Lord Freud: The support is time-limited for two years, so we have it within universal credit, albeit with these rules. It is not question of indefinite support at working age. There are groups of people who receive indefinite support: disabled people and pensioners-pensioners are in any case outside universal credit.

Baroness Lister of Burtersett: Does that mean the Government are extending help with mortgage interest to people who are in full-time paid work?

Lord Freud: No. I am saying that we are leaving the rules as they currently are, because we will give support to people who lose a job for those two years. That is the process and we are not planning to change it in any way.

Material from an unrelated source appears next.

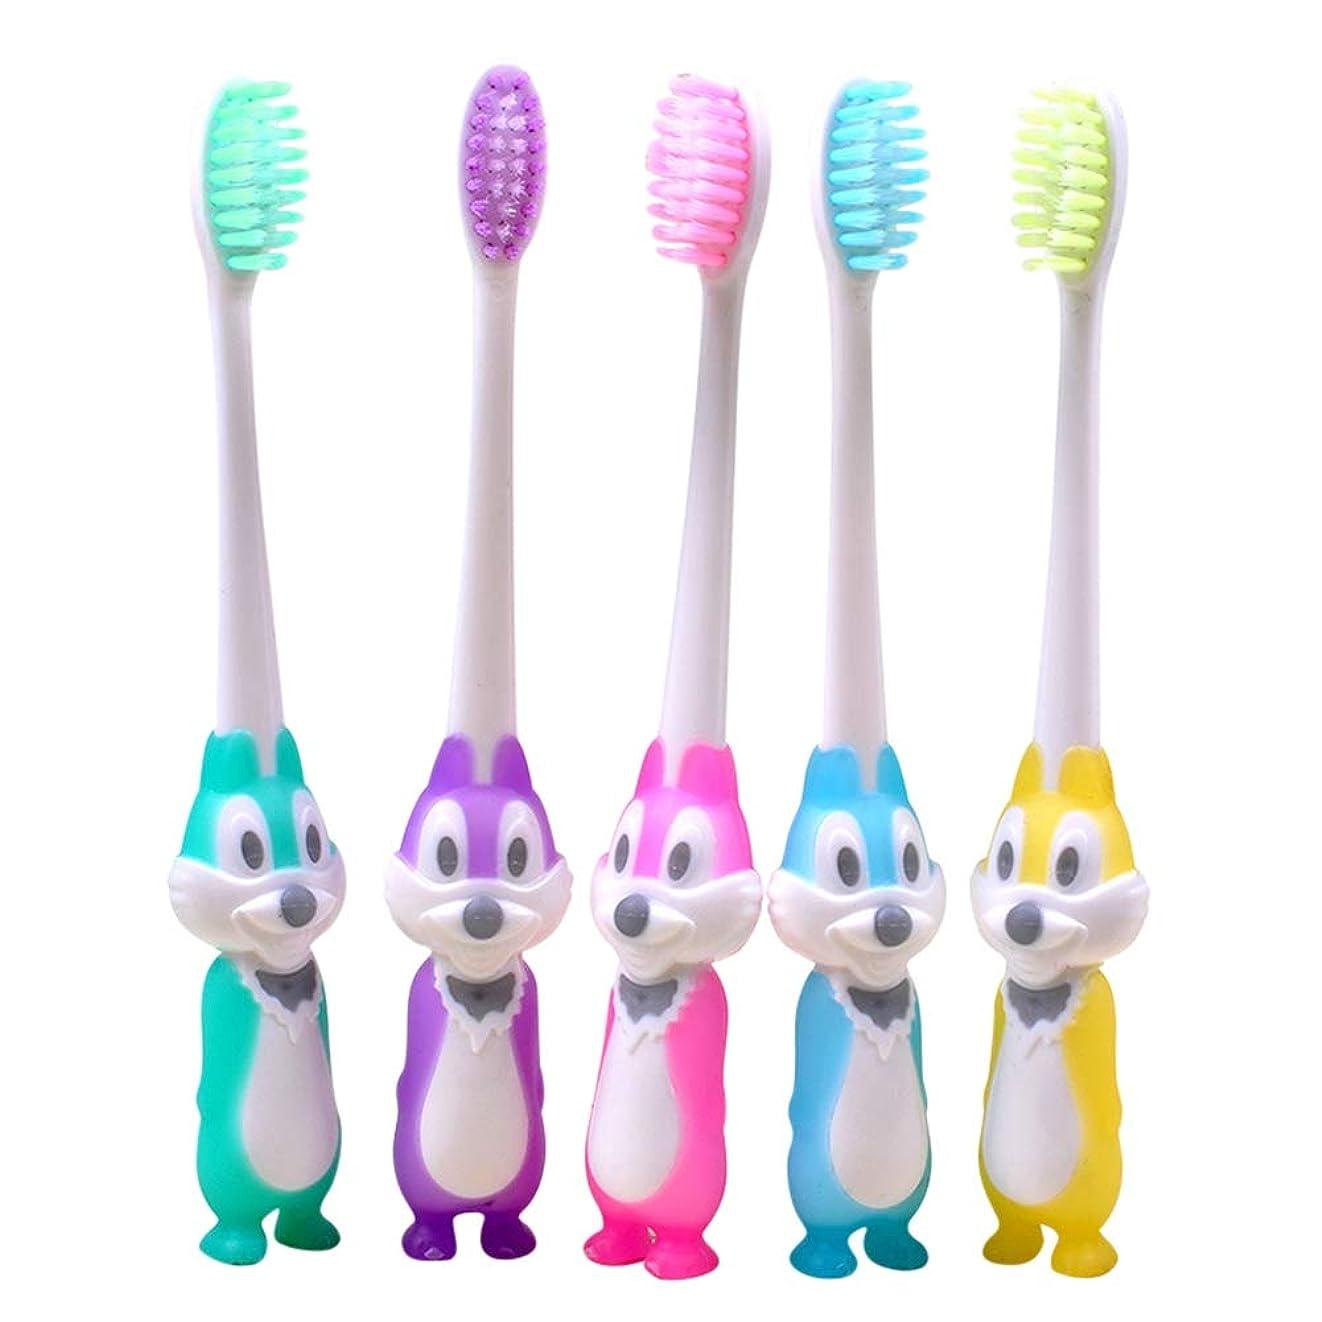 実行天対抗Rad子供 赤ちゃん漫画形状ソフト歯ブラシ子供歯科口腔ケアブラシツール歯ブラシ

Baroness Lister of Burtersett: That is what I thought. I apologise for pushing this. In other words, will there still be a distinction between in and out of work, even though one of the selling points of universal credit has been to do away with that distinction and to integrate in-work and out-of-work assistance, which noble Lords support?

Lord Freud: Yes. Our analysis of this area tells us that people who own houses are highly incentivised to go back to work and that changing the system-at huge cost, I might add-does not have any additional incentivising effect, so it would be wasted money.

Lord McKenzie of Luton: My Lords, I am grateful to the Minister. This debate has had some extensions, which I have found particularly helpful-certainly I have found the probing of my noble friend Lady Lister helpful, as well as the point raised by my noble friend Lady Hollis.